St. Francis Health Care Services

St. Francis Health Care Services is located near the source of the Nile River in Uganda and serves a catchment area of approximately 2.5 million people. It responds to the HIV/AIDS epidemic through the provision of medical care and psychosocial supports to people living with HIV and AIDS and their family members. Despite very modest beginnings, St. Francis Health Care Services now conducts extensive community outreach activities and serves approximately 10,000 patients, more than 300 granny-caregivers and over 1,500 orphans.

SLF support focuses on the organization’s community-based programmes. There are two emphases: In the first, the SLF helps St Francis support granny-caregivers and the children for whom they are responsible. Activities include income-generating activities, village saving and loan schemes, medical support and visits by grandmothers to model farms where they learn new farming techniques. Orphaned children in greatest need receive school fees and scholastic materials. Where appropriate, these children also attend sessions at the Health Centre where they receive psychosocial support, health-education, supplemental nutrition and encouragement from specially trained mentors. The grandmothers explain that the best part about all these programmes is that, increasingly, their families are now able to sustain themselves and look positively towards the future, rather than just sit and wait and rely on hand-outs. 

Second, the SLF’s helps underwrite St. Francis’ home-based care programme. Trained community health volunteers visit programme beneficiaries to provide counselling referral, and encouragement. They promote HIV-testing and treatment adherence, strengthen family communication, provide palliative care, distribute supplemental food-packets, and offer one-on-one health-education.
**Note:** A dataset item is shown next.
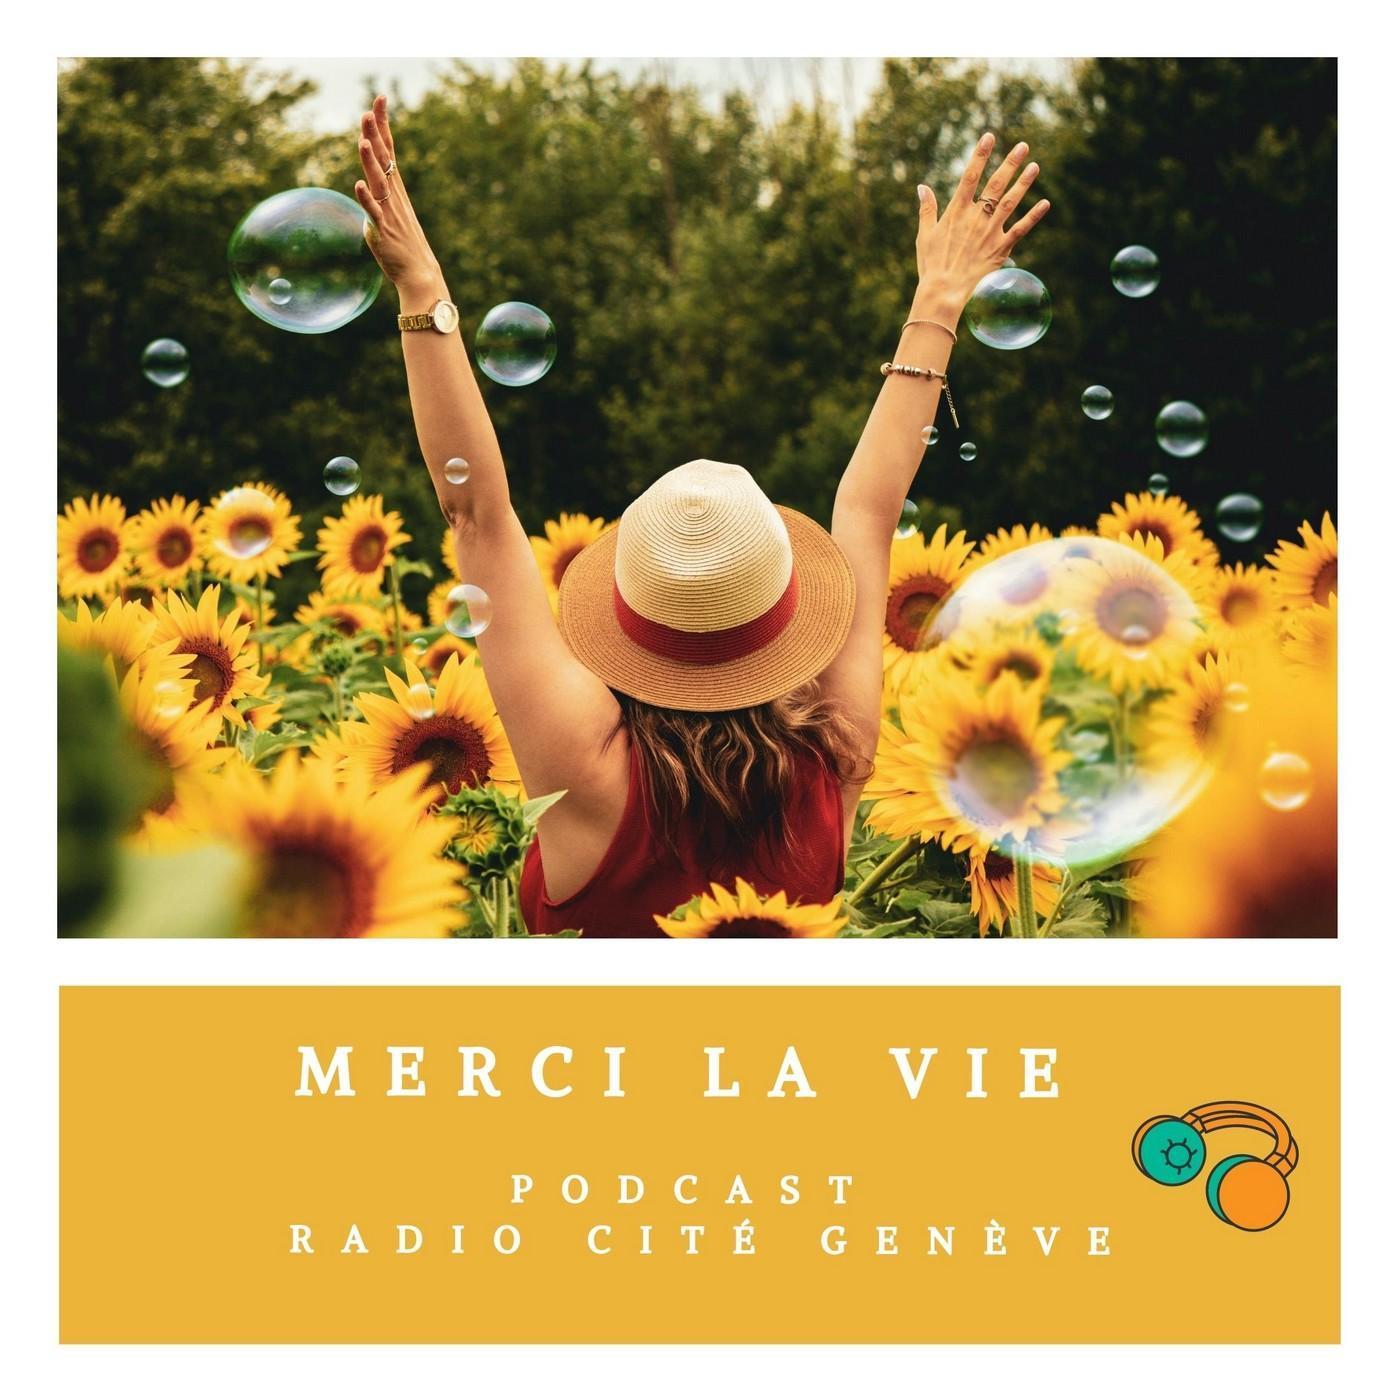 Merci la Vie du 27/04/21 - Aurélie Friedli

Additionally, home-based care volunteers assist project nurses in the distribution of life-savings drugs. SLF funding pays for some staffing and administrative costs and also helps St Francis facilitate a support group for about 50 ‘Young Positives’, age 10-24.

Wells of Hope Ministries

The HIV prevalence rate in the Uganda's prisons stands at 17%, which is far greater than the national average of just below 7%. Working with people of all faiths, Wells of Hope Ministries offers hope and support to HIV-positive prisoners and their family members in Kampala and several nearby districts. For example, with SLF support Wells of Hope Ministries provides high-protein food supplements to HIV-positive prisoners in order to strengthen their immune systems and improve their health status. This includes 72 women prisoners with HIV and 30 babies being cared-for in prison. They conduct training on HIV prevention and care in several prisons and encourage peer counselling between their trainees and other inmates. They also offer HIV counselling and testing to both prisoners and family members.
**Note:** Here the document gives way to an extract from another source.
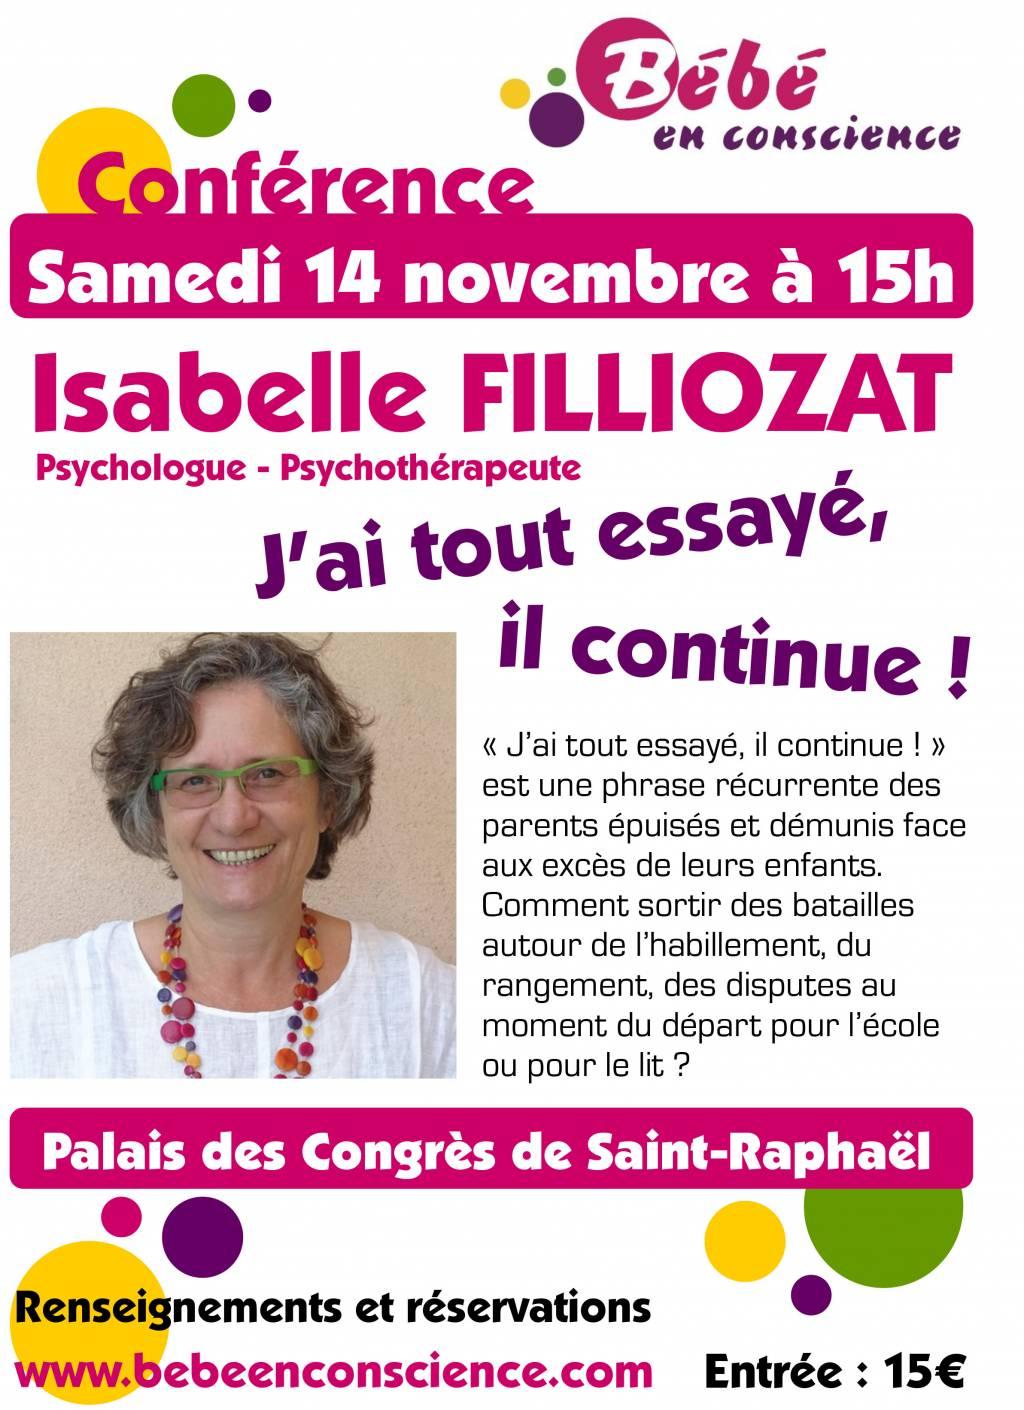 Affiche Conférence Isabelle Filliozat 2015

SLF funding ensures that grandmothers who care for grandchildren due to a parent’s imprisonment are assisted withincome-generating activities  in order to better provide for their grandchildren’s needs. In critical situations, children also benefit directly via the provision of school fees and educational materials. The organization provides an important linkage between the prisoners and their families by facilitating communication and three meetings a year between the prisoners and their family members. Wells of Hope Ministries conducts psychosocial support sessions with affected families and their staff helps all parties prepare for a prisoner’s release and reintegration into society. The SLF also pays for some staff salaries and expenses, and for costs related to monitoring and evaluation.